A Meteorological Approach to Calculate Volcanic Cloud Parameters

Remote sensing has shown that ice is an important component of volcanic clouds. The mass of ice in a given volcanic cloud is determined by total water content (TWC), the mass of water from erupted magma, entrained tropospheric air, and vaporized surface water, and by cloud temperature. This presentation provides a theoretical approach to calculate volcanic cloud TWC, temperature and density from satellite observations of ash and SO2 masses, motivated by a need to better model volcanic cloud destabilization and sedimentation mechanisms. Using parcel theory, a recently emplaced volcanic cloud can be modeled as a closed-system homogeneous fluid parcel with 3 components: Dry air, ash, and magmatic water. Cloud thickness is estimated from trajectory modeling and area is measured using remote sensing, which are combined to give parcel volume. Mass of water entrained during plume rise is ignored, providing a minimum value for TWC (however, measured parcel dimensions after emplacement account for the volume of entrained air).
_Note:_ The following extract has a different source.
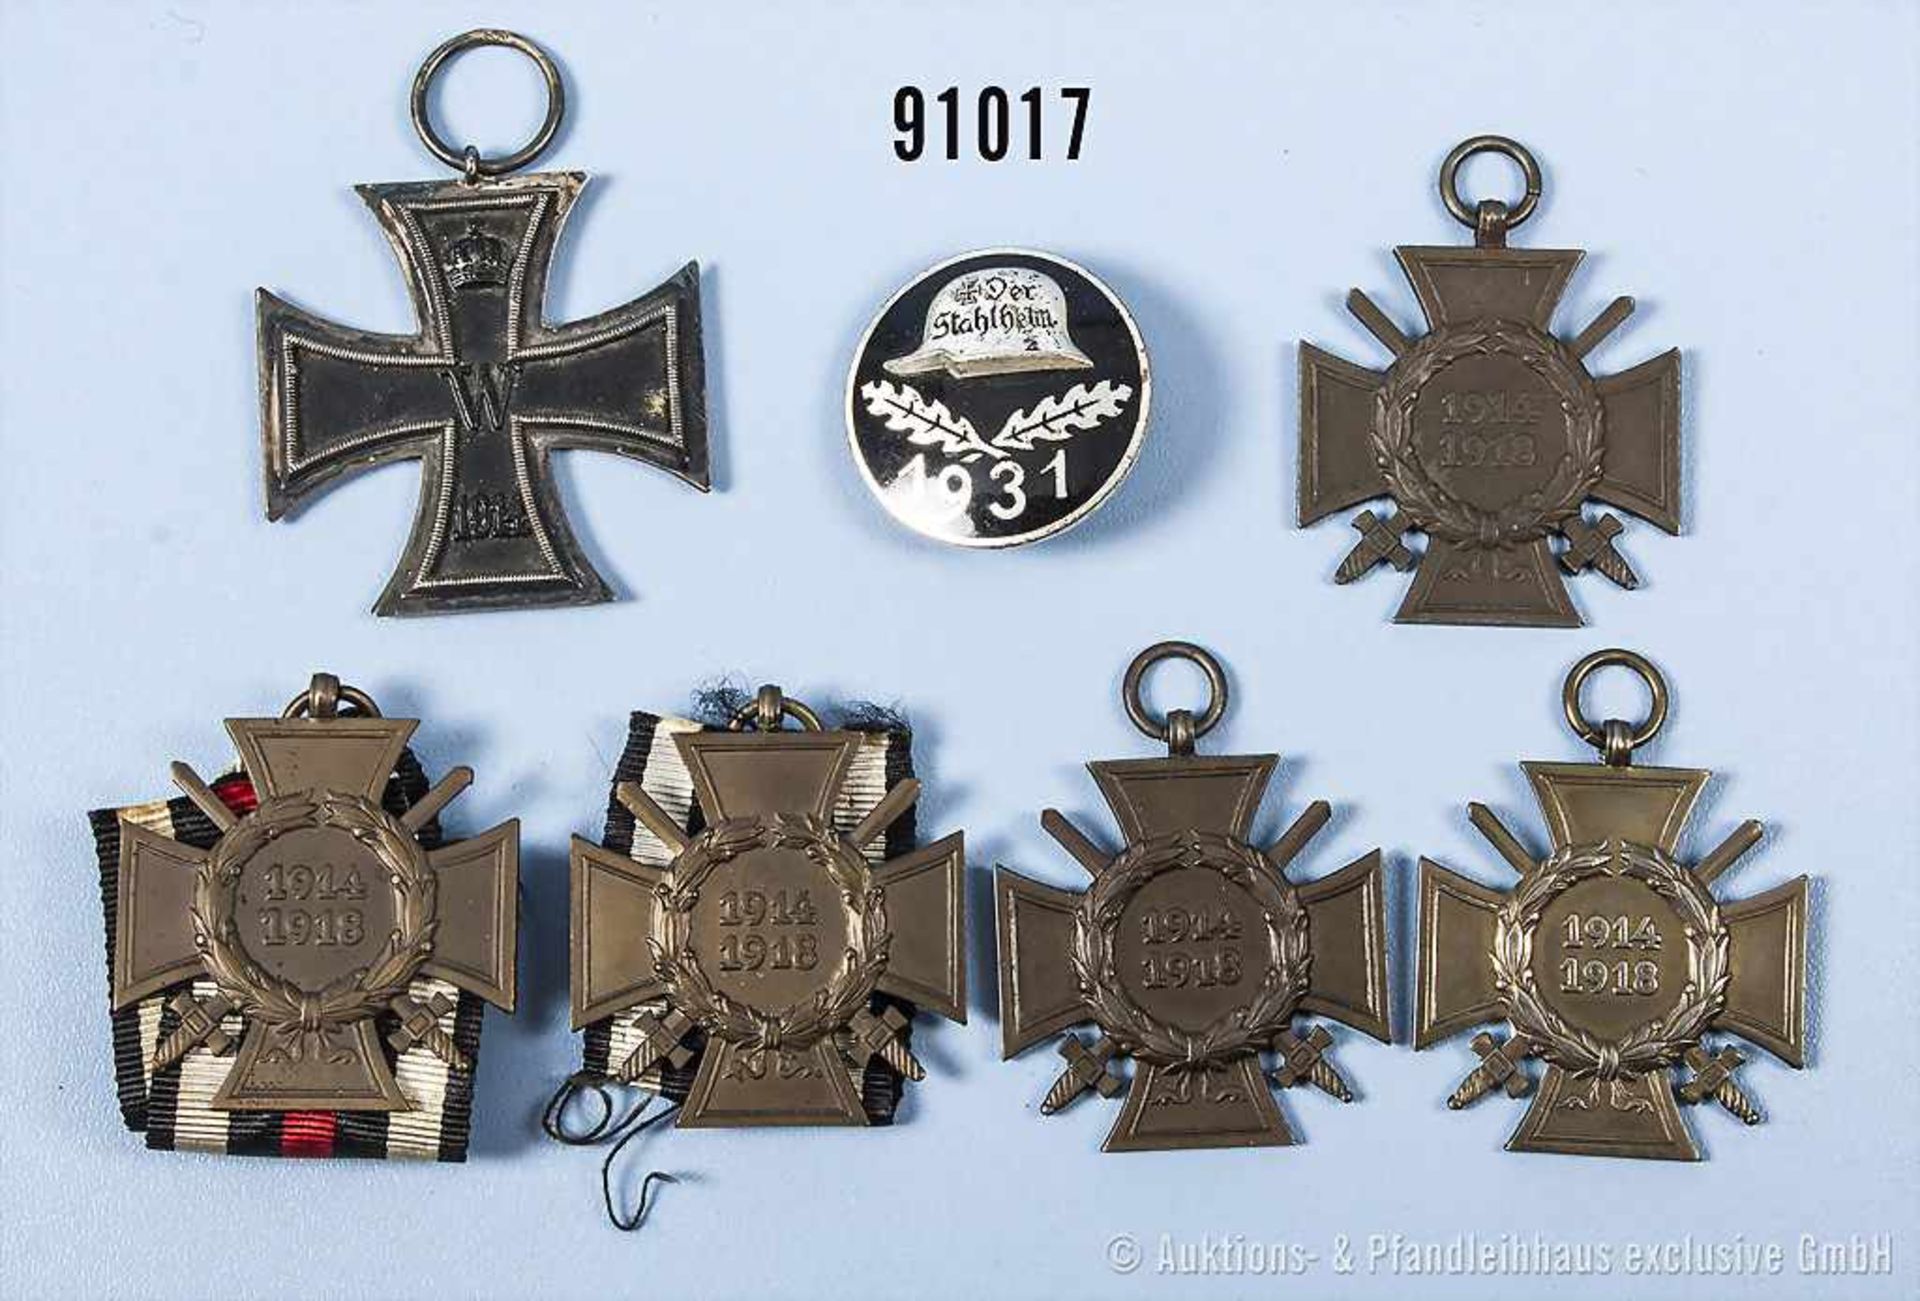 Konv. EK 2 1914, 5 EKF sowie Stahlhelmbund Eintrittsabzeichen von 1931, rückseitig graviert,

Magmatic water mass is calculated from knowledge of typical gas ratios in source volcano emissions and satellite-based measurement of SO2 in the volcanic cloud of interest. Other volcanic gases are ignored in the calculation because concentrations are low and densities are relatively similar to atmospheric gases. Cloud density and temperature can then be approximated using the ideal gas law under the following assumptions: (1) The volcanic cloud is in hydrostatic equilibrium; (2) fine ash (1-25 μm) and magmatic water are not removed by sedimentation; (3) the volumetric fraction of magmatic water and volcanic ash is so small that displaced air is negligible in the parcel density determination. Analysis of the 3.7 hr 17 September 1992 Spurr cloud (an ash-dominant cloud) shows that water was abundant with ~0.2 g/kg at -62°C and 191 hPa (compared to almost zero in ambient atmosphere). Cloud density and temperature was within 0.05% of the ambient atmosphere. Furthermore, almost all of the water existed as ice which then rapidly sublimated. The presence of abundant water in various phases must therefore, play an important role in volcanic cloud dynamics.